The protection switching device or the mechanical disconnection contact element MK is designed such that, in the event of an actuation of the mechanical disconnection contact element MK by means of the handle HH, a (actuation) signal AS is sent to the control unit SE before the disconnection of the contacts KL, KN. The protection switching device SG or the control unit SE is designed such that the semiconductor-based switching elements T1, T2 of the electronic interrupt unit EU are then placed in a high-resistance state, so that a power-free switching with the mechanically decoupled contact unit MK is achieved.

In one embodiment, the protection switching device or the mechanical disconnection contact element MK is designed such that, after a single application of a blocking signal BLOCK, in particular from the control unit SE, the contacts KL, KN are prevented from being (further) closed by the handle HH. That is, after the (one) blocking signal BLOCK is applied, it is no longer possible to close the contacts KL, KN by means of the handle HH in the future. The lock can be removed or allowed to be removed only by a professional.

The protective switching device or the mechanically decoupled contact unit MK is designed such that the contacts KL, KN can be opened by the control unit SE, for example by means of an OPEN signal OPEN, but cannot be closed. In particular, even if the handle is locked (e.g., is permanently operated as contact "Ein" in contrary to normal use/closed), the contacts can be opened.

Other units may be provided, such as a switch lock unit SS or a combined open-close unit O/B.

The novel protective switching device SG according to the invention is designed such that the contacts of the mechanically decoupled contact unit are closed by means of the handle during the switching-on process, wherein the switching element of the electronic interruption unit is in a high-resistance state. That is, in the no-voltage state, the electron interrupt unit is high-resistance. With the contacts closed, the power supply unit is energized (as long as the Grid side Grid is energized by the energy source). Thereby supplying the control unit with energy. The control unit SE performs a checking function of the protection switching device. In the case of a positive result of the checking function (i.e. a determination that there is no fault), the switching elements T1, T2 of the electronic interruption unit EU are put into a low-resistance state, so that the connection on the load side is supplied with energy of the electrical circuit. Thus, the switching-on process ends. Since only the protective switching device (checking function) that can function properly supplies the circuit with energy, the device is safe or a safe state is established in the low-voltage circuit.
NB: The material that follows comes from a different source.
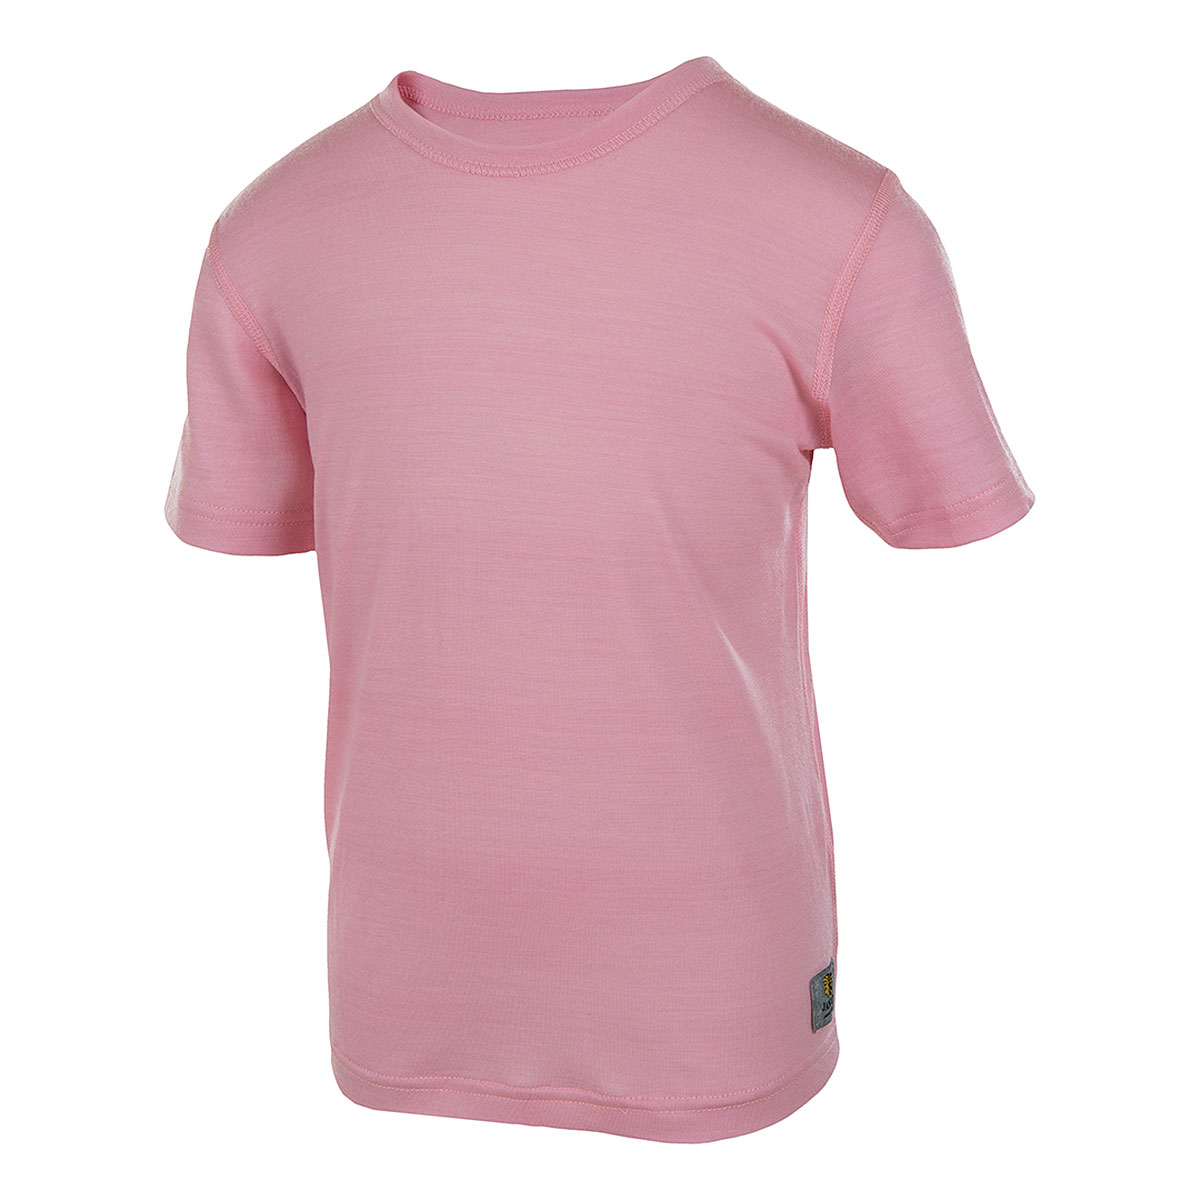 45151 Janus LightWool t-shirt i 100% merinoull rosa
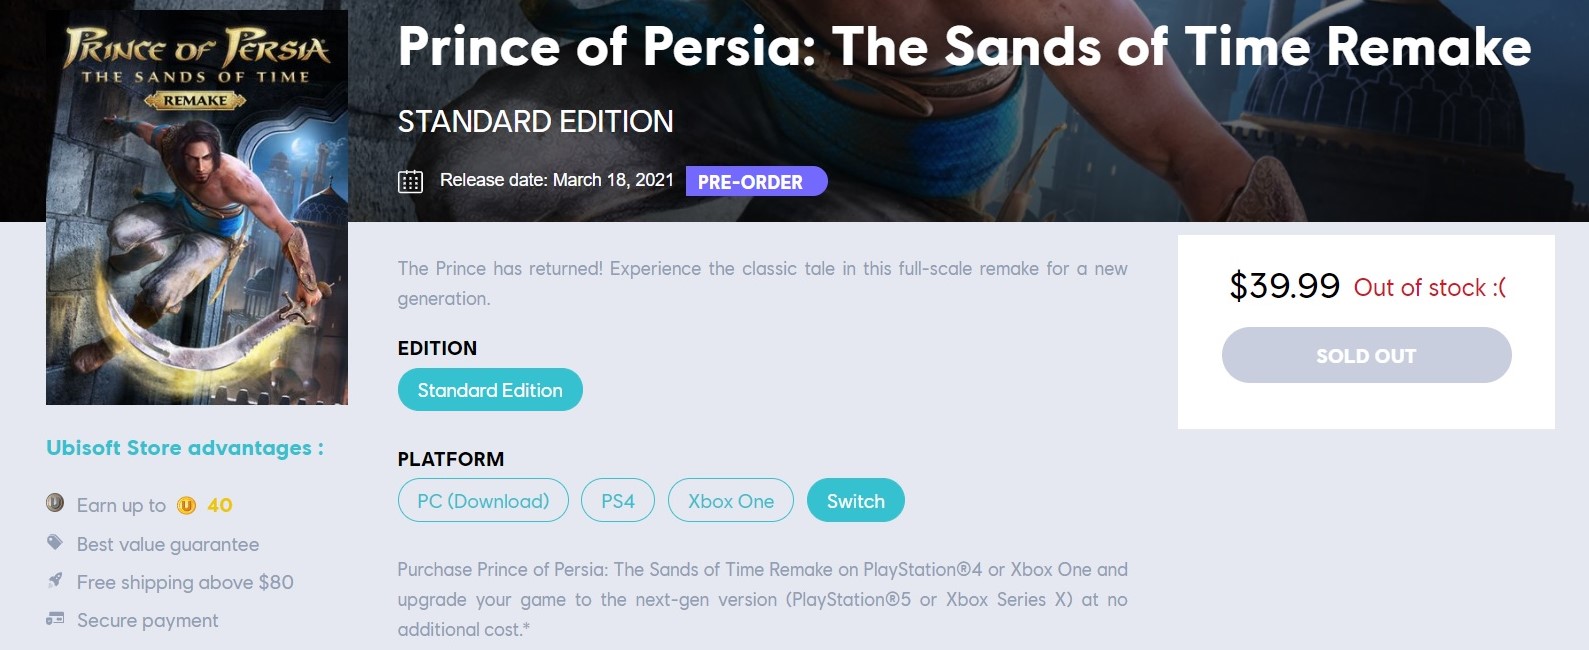 صورة متجر يوبي سوفت الرقمي يعود لرصد نسخة السويتش من لعبة Prince of Persia: The Sands of Time Remake

The checking function can be realized by the control unit, in particular the microcontroller MCU, interacting with the computer program product CPP.

The checking function may on the one hand have a self-test (internal) of the operational capability of the protection switching device. In this case, at least one component, in particular a plurality of components, of a unit, in particular of a plurality of units, of the protection switching device can be checked.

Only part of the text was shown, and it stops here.